# Looking for the right substrate.



## Tropicana (Feb 15, 2009)

Hey guys, Ive been searching for a substrate that is black not like sand and more like eco-complete. I need to get enough for my 180 gallon aquarium and it has to be okay for sifting Cichlids. I would prefer not to pay $35.99 for 20lbs per bag of eco-complete lol.

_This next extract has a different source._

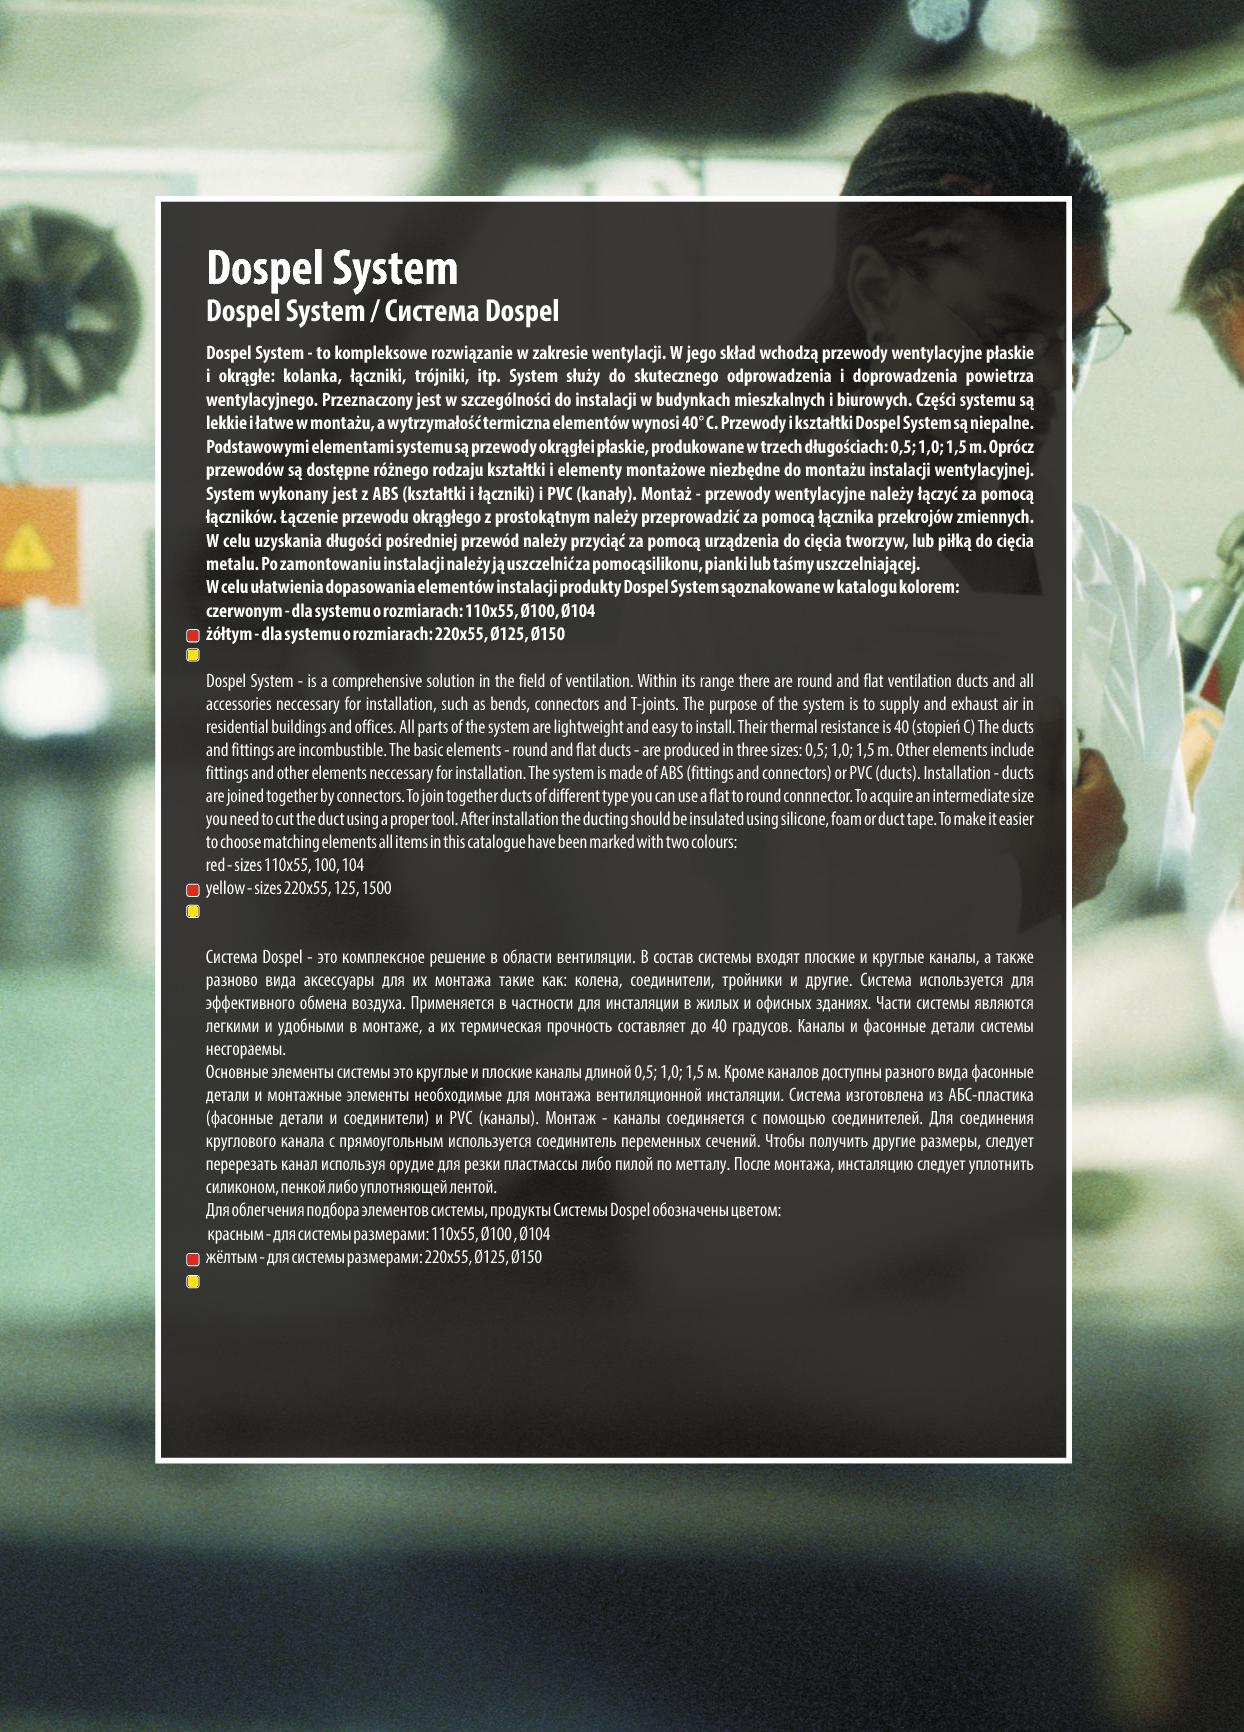 DOSP_Catalog_Dospel system

Anyone know what substrate would match my needs. I plan to plant large swords and some crypts in there as well. Mostly root feeding plants so ill be using root tabs.

Thanks.


----------



## mrobson (Mar 5, 2011)

i usually eat the cost and buy flourite but i dont think the grains would be right for cichlids you would want a more pebble shaped substrate which wont work for plants. Have you considered a thin layer of the good plant friendly stuff 1st then the cichlid pebbles on top. Im not sure how active your guys are, my cichlids were constantly moving pebbles around their tank which prevented me from planting


----------



## Tropicana (Feb 15, 2009)

Well the Cichlids i have are sand sifting Cichlids, Geophagus. So i would be worried about them cutting their gills or mouth on sharp stone.


----------



## mrobson (Mar 5, 2011)

although now that i think about it when i had my dragon gobys they would sift and move the substrate, i would think these guys would be more sensitive to to the sharp rocks. But that being said if they like to play with the sand if you layer they would just mix it all up so maybe just get some decent sand and does it with nutrients. You can could also try the flourite sand they have but i would imagine it would be fairly expensive.

http://www.seachem.com/Products/product_pages/FlouriteBlackSand.html


----------